▶ **EXERCISE GOAL**
Would you write out the full listing exactly, without any pictures?

▶ **DATA EXCERPT**
____________

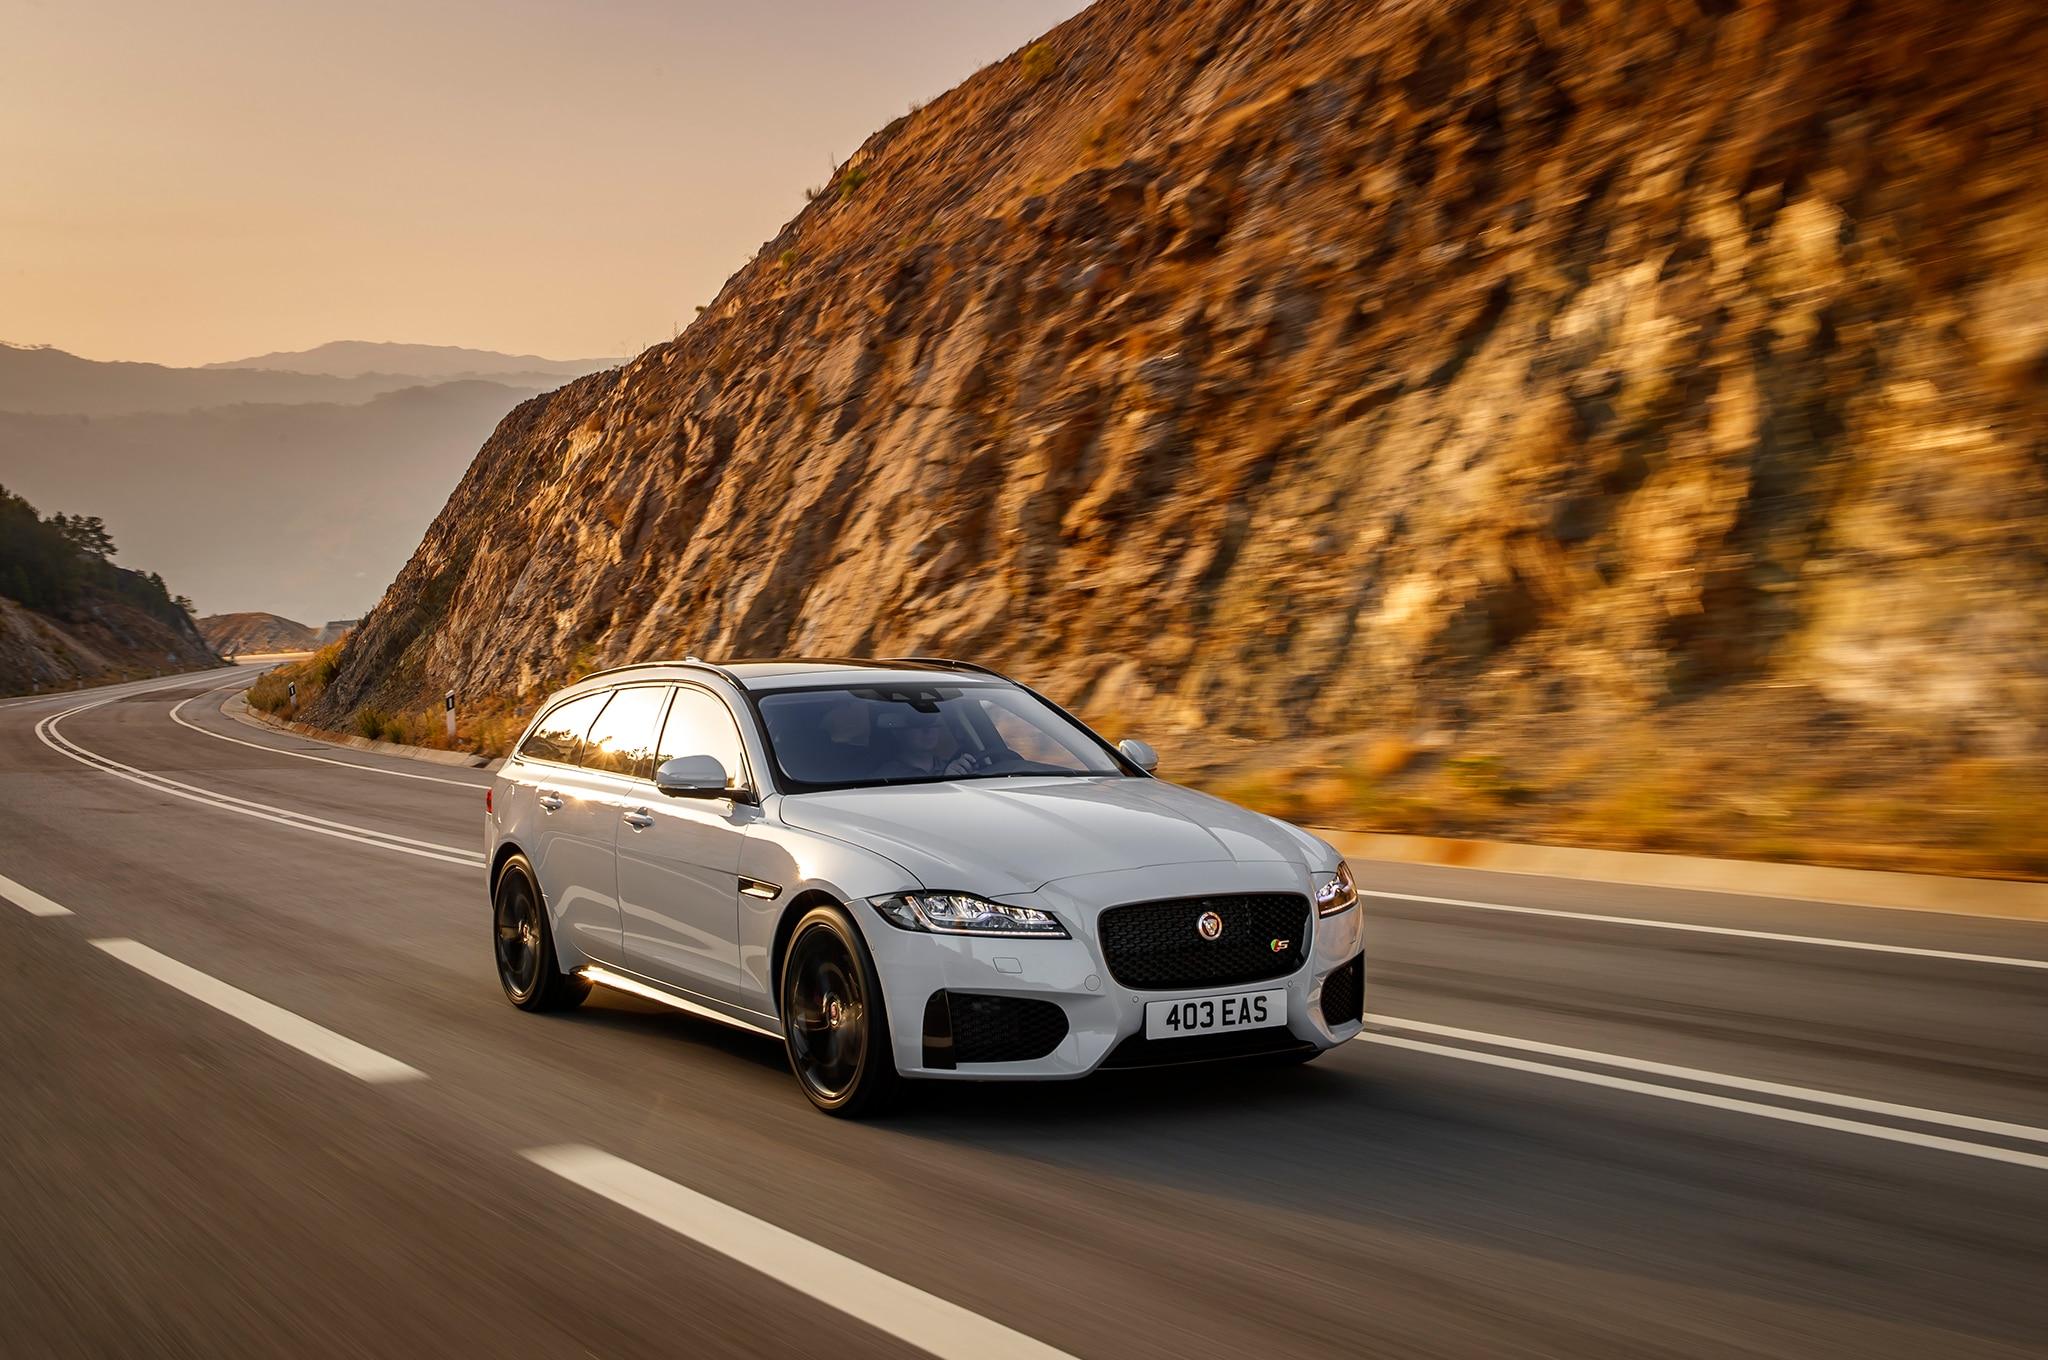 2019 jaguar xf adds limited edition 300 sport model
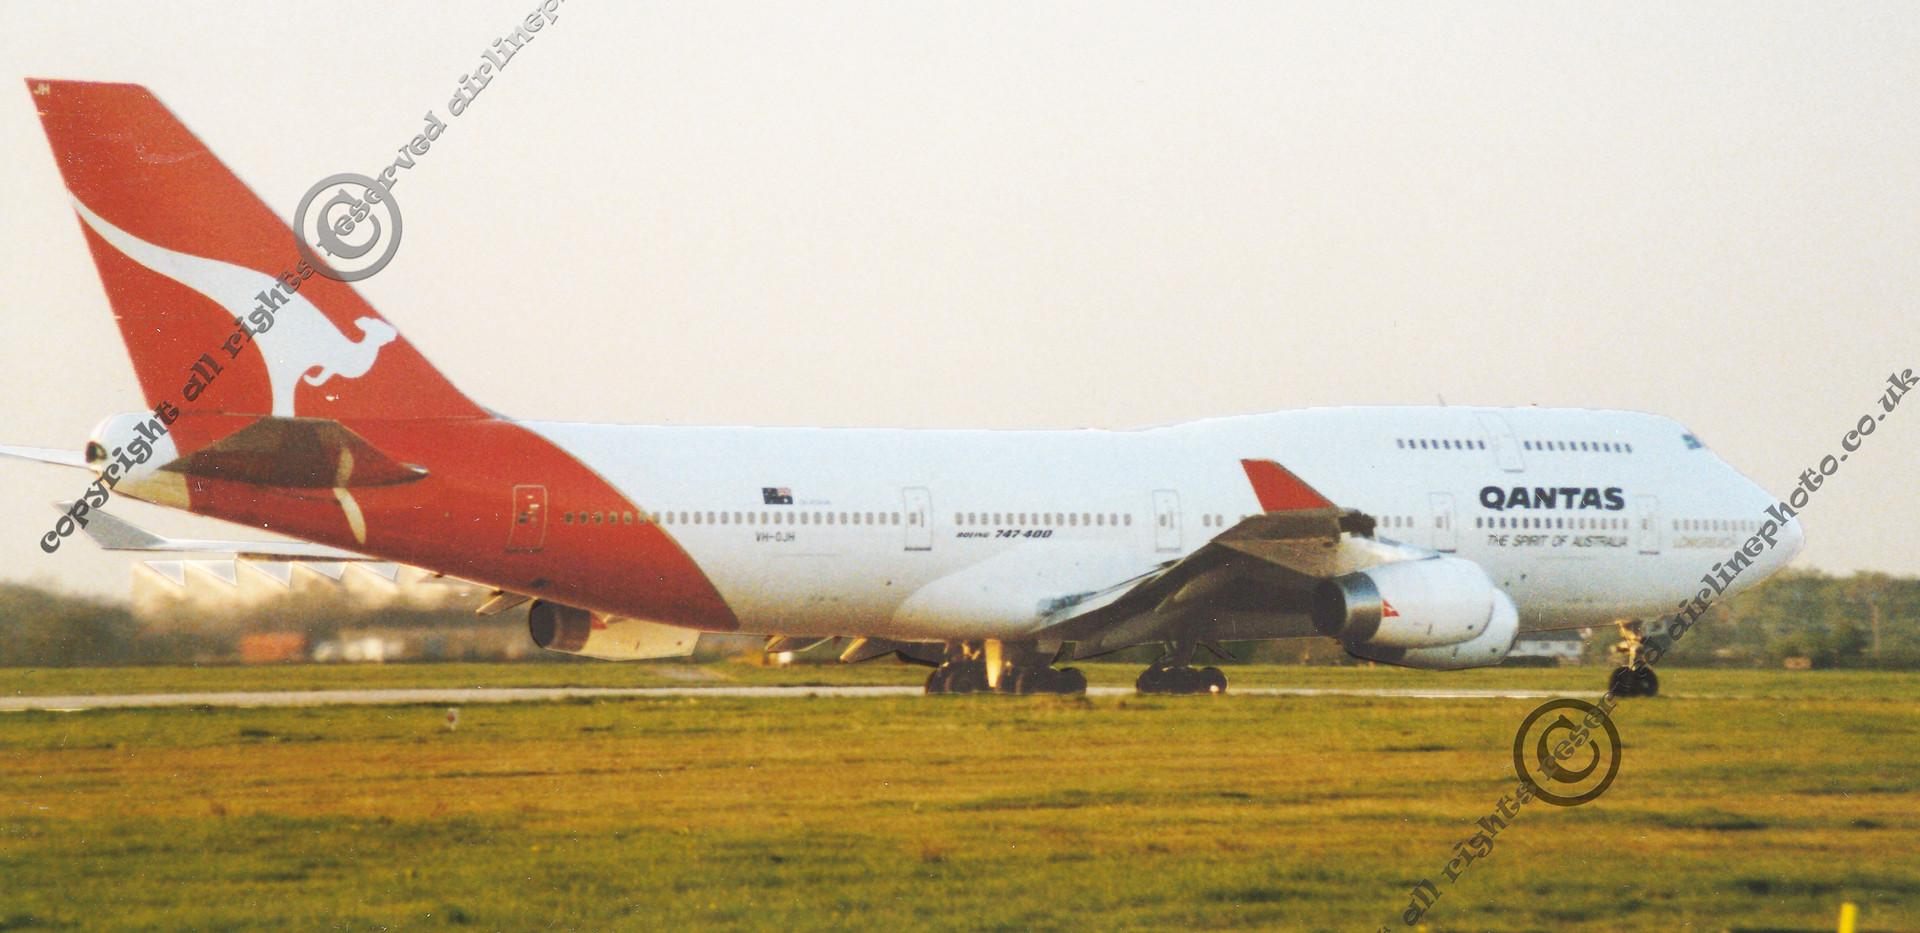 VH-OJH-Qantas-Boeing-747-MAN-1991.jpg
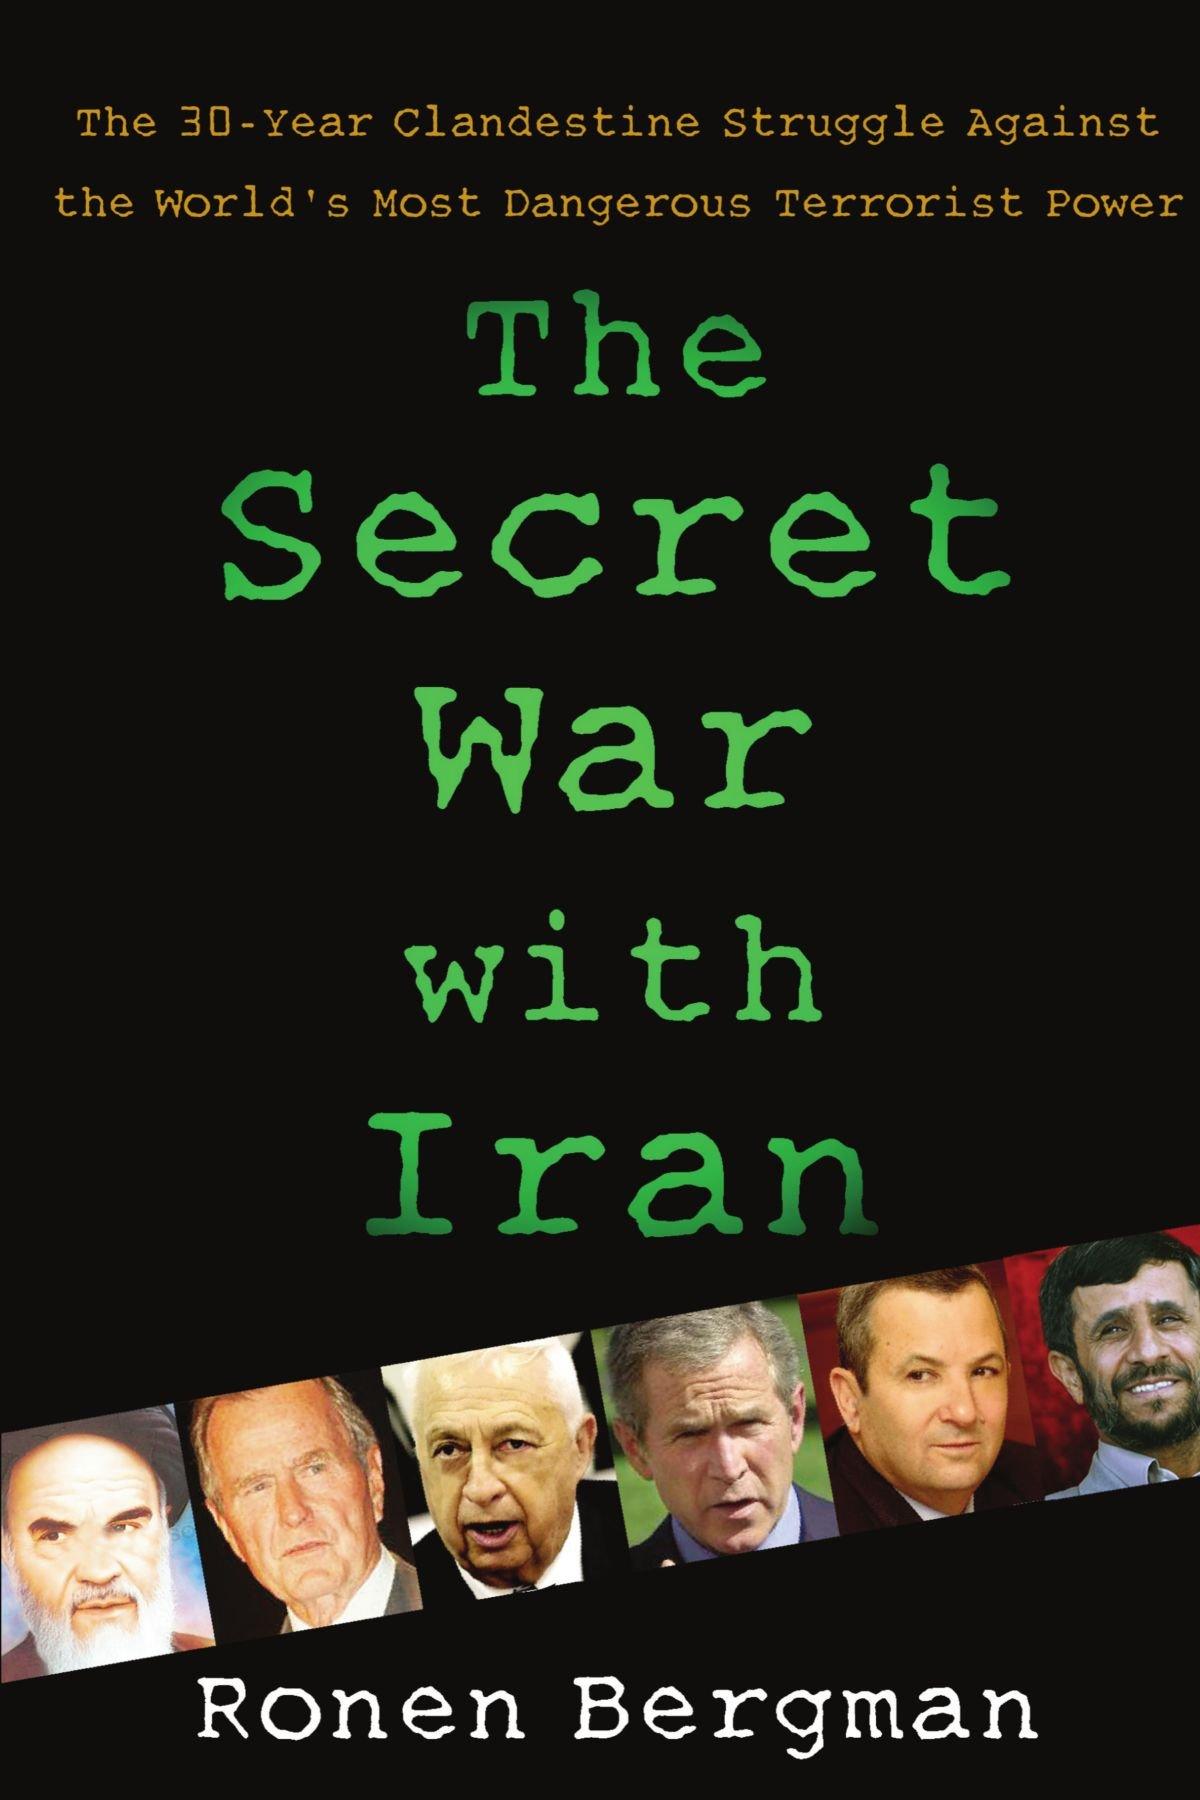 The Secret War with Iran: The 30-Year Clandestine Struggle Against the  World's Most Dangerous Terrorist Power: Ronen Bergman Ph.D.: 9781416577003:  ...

____________

▶ **TASK RESPONSE**
 2019 jaguar xf adds limited edition 300 sport model
 VH-OJH-Qantas-Boeing-747-MAN-1991.jpg
 The Secret War with Iran: The 30-Year Clandestine Struggle Against the  World's Most Dangerous Terrorist Power: Ronen Bergman Ph.D.: 9781416577003:  ...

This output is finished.